Страница 37 из 38
Генка мал, а то брал бы с собой на охоту. Ничего, вырастет, помощником будет. А, может и не будет. Кинет иной раз взгляд — не по себе становится.
На исходе первого года (Ада тяжелой была, ждали Генку), поздравили отца с днем рождения и собирались домой. Она попросила завязать шнурок. Услышал сзади себя: «А ты, Илья, никогда не зашнуровывал мне ботинок», — в голосе матери не упрек отцу, а укор сыну: «Перед бабой на колени встал?» Вспыхнули уши, будто застали его за постыдным делом. Наскоро завязал и спросил зло: «Чего еще ждешь?» И тогда она посмотрела на него так, как теперь иногда смотрит Генка.
А сколько таких случаев было. Однажды собрались на концерт, но пришел сосед и попросил выправить помятое крыло. Не мог отказать, пошел. Вернулся поздно, навеселе, потребовал ужина. Не ответила. Повторил. «Обойдешься без меня», — кинула. И закипело в нем: «Кто в доме хозяин?» — «Да ты, ты хозяин!»..

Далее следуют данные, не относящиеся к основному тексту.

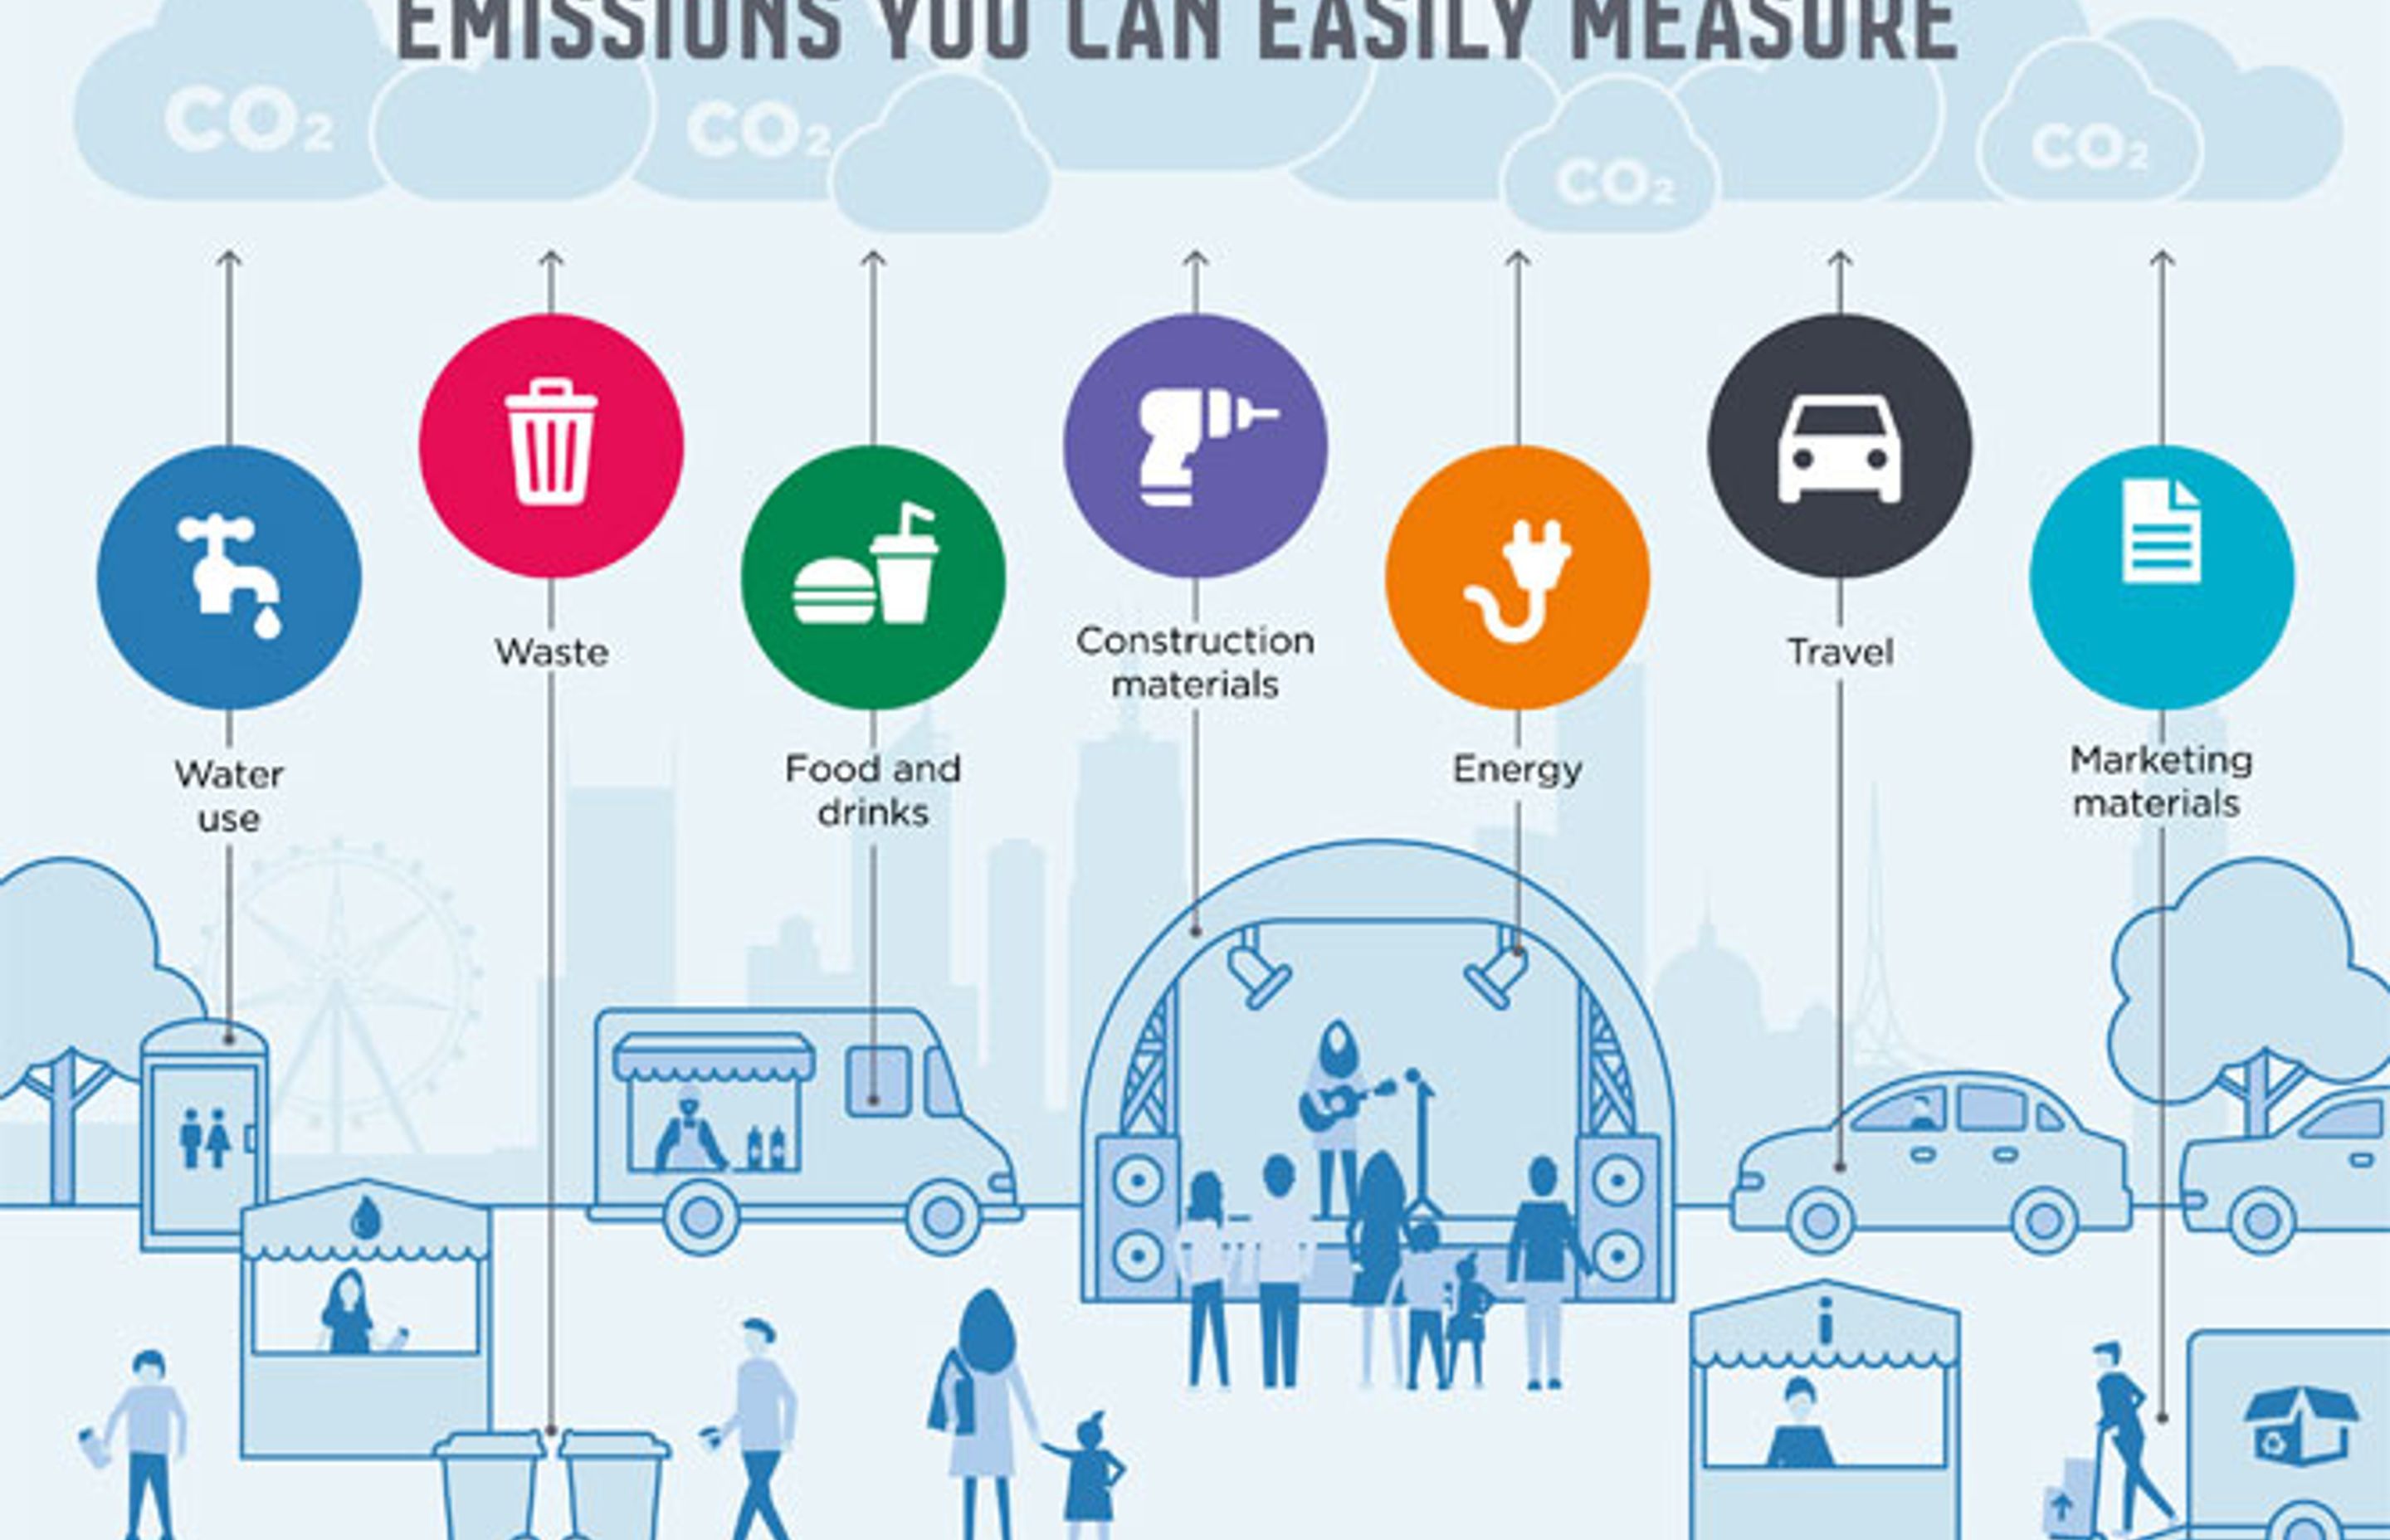 Figure 2: ‘Where do emissions come from?’ (Source: City of Melbourne)

Над костром тенью скользнула сова. Неподалеку прошуршал листьями еж, а может быть, мыши.
Вернется он завтра поздно, а утром — в цех. Вечером править «Жигули» начальнику участка. И так до пятницы, а потом все сначала. Да-а. Но не уступать же, как это делает сосед Евстигнеев. Жена его все что-то пишет, а он подает ей кофе. Да от такой жизни, пропади она пропадом, чепчики вязать начнешь. Нет, он, Андрей Ильич, лучший заводской слесарь, должен остаться при своих. Но отчего же все-таки так худо на душе?..
Костры угасали. Он встал, подвинул перегоревшие стволы. Огонь ожил, облизывая корявые, в трещинах, бока бревен. Тепло потекло над лежанкой, приятно согревая тело. А вместе с теплом мысль сделала неожиданный поворот: семейная жизнь — тот же костер. Подбрасывай вовремя, будет гореть долго и греть, иначе погаснет. Так и случилось. В битве за старшинство в доме забылось святое правило, и костер чадит. Удушливо, холодно, неуютно. Он прикурил от огонька, жадно затянулся. Как же быть-то теперь?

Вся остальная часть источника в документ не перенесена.